I am writing a better version of Windows Explorer, but it takes about half a second to expand the C:\ and show all sub folders. Half a second may not seem like much, but Windows, and another program I looked at do it what appears instantly.

The only thing I can think of is to index the file and store the index as XML, I guess that can be done at startup or something.

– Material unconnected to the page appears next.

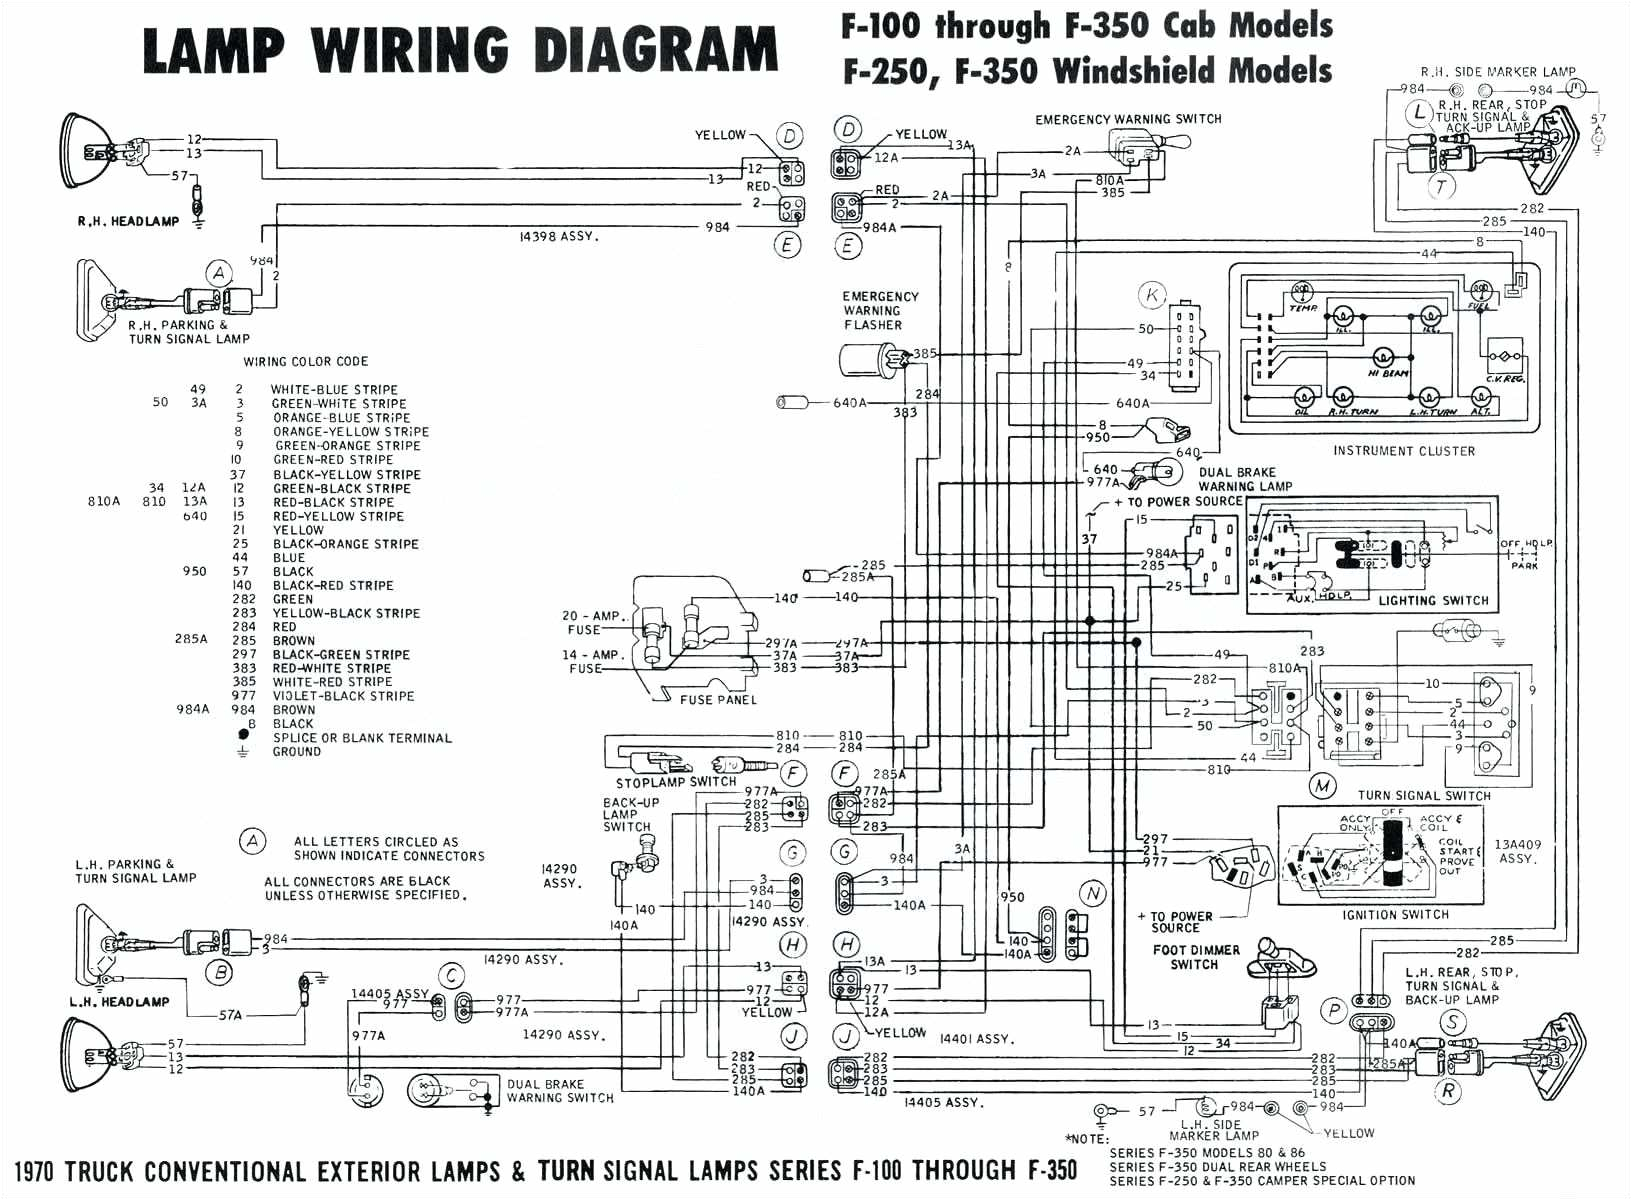 2014 nissan frontier stereo wiring diagram new 1992 jeep wrangler audio wiring diagram schematic diagrams of 2014 nissan frontier stereo wiring diagram jpg

I am just curious how Windows and another control can do it so much faster on the same PC. Is C# and managed code slower than unmanaged C++?

Update:

Here is a sample of the log entry, I realize using File.AppendAllText has to open and close the file, but many of the operations only take 1 milisecond to accomplish this, so the only slow time is the SetDirectoryName, which is done like:

public void LoadChildNodes()
        {
            // clear the child nodes
            this.ChildPanel.Controls.Clear();

            // if this path exists
            if (Directory.Exists(this.Path))
            {
                // get the log
                WriteLogEntry("After Path Exists: " + stopWatch.Elapsed.Milliseconds.ToString());

                // get the directories for this node
                string[] tempDirectories = Directory.GetDirectories(this.Path);

                // get the log
                WriteLogEntry("After GetDirectories: " + stopWatch.Elapsed.Milliseconds.ToString());

                // if there rae one or more directories
                if ((tempDirectories != null) && (tempDirectories.Length > 0))
                {  
                    // reverse the list
                    List<string> directories = new List<string>();

                    // iterate the strings
                    foreach (string tempDirectory in tempDirectories)
                    {
                        // add this item
                        directories.Add(tempDirectory);
                    }

                    // now set the directories
                    directories.Reverse();

                    // log the time
                    WriteLogEntry("After Reverse Directories: " + stopWatch.Elapsed.Milliseconds.ToString());

                    // iterate the directory names
                    foreach (string directory in directories)
                    {
                        // log the time
                        WriteLogEntry("After Start Iterate New Directory: " + stopWatch.Elapsed.Milliseconds.ToString());

                        // create the childNode
                        ExplorerTreeNode childNode = new ExplorerTreeNode();

                        // the path for folders is the same as the name
                        string directoryName = System.IO.Path.GetFileName(directory);

                        // log the time
                        WriteLogEntry("After set directory name: " + stopWatch.Elapsed.Milliseconds.ToString());

                        // setup the node
                        childNode.SetupNode(directoryName, NodeTypeEnum.Folder, this.IconManager, this.Font, path);

                        // log the time
                        WriteLogEntry("After Setup Node" + stopWatch.Elapsed.Milliseconds.ToString());

                        // add this node
                        this.ChildPanel.Controls.Add(childNode);

                        // log the time
                        WriteLogEntry("After Add childNode to Controls: " + stopWatch.Elapsed.Milliseconds.ToString());

                        // dock to top
                        childNode.Dock = DockStyle.Top;

                        // log the time
                        WriteLogEntry("After Dock: " + stopWatch.Elapsed.Milliseconds.ToString());
                    }

                    // finished loading child nodes
                    stopWatch.Stop();
                    WriteLogEntry("Finished loading child nodes: " + stopWatch.Elapsed.Milliseconds.ToString());
                }                 
            }
        }

I was trying to avoid buying a control so I could make the project open source, but I guess I will just buy it and only give the executable away.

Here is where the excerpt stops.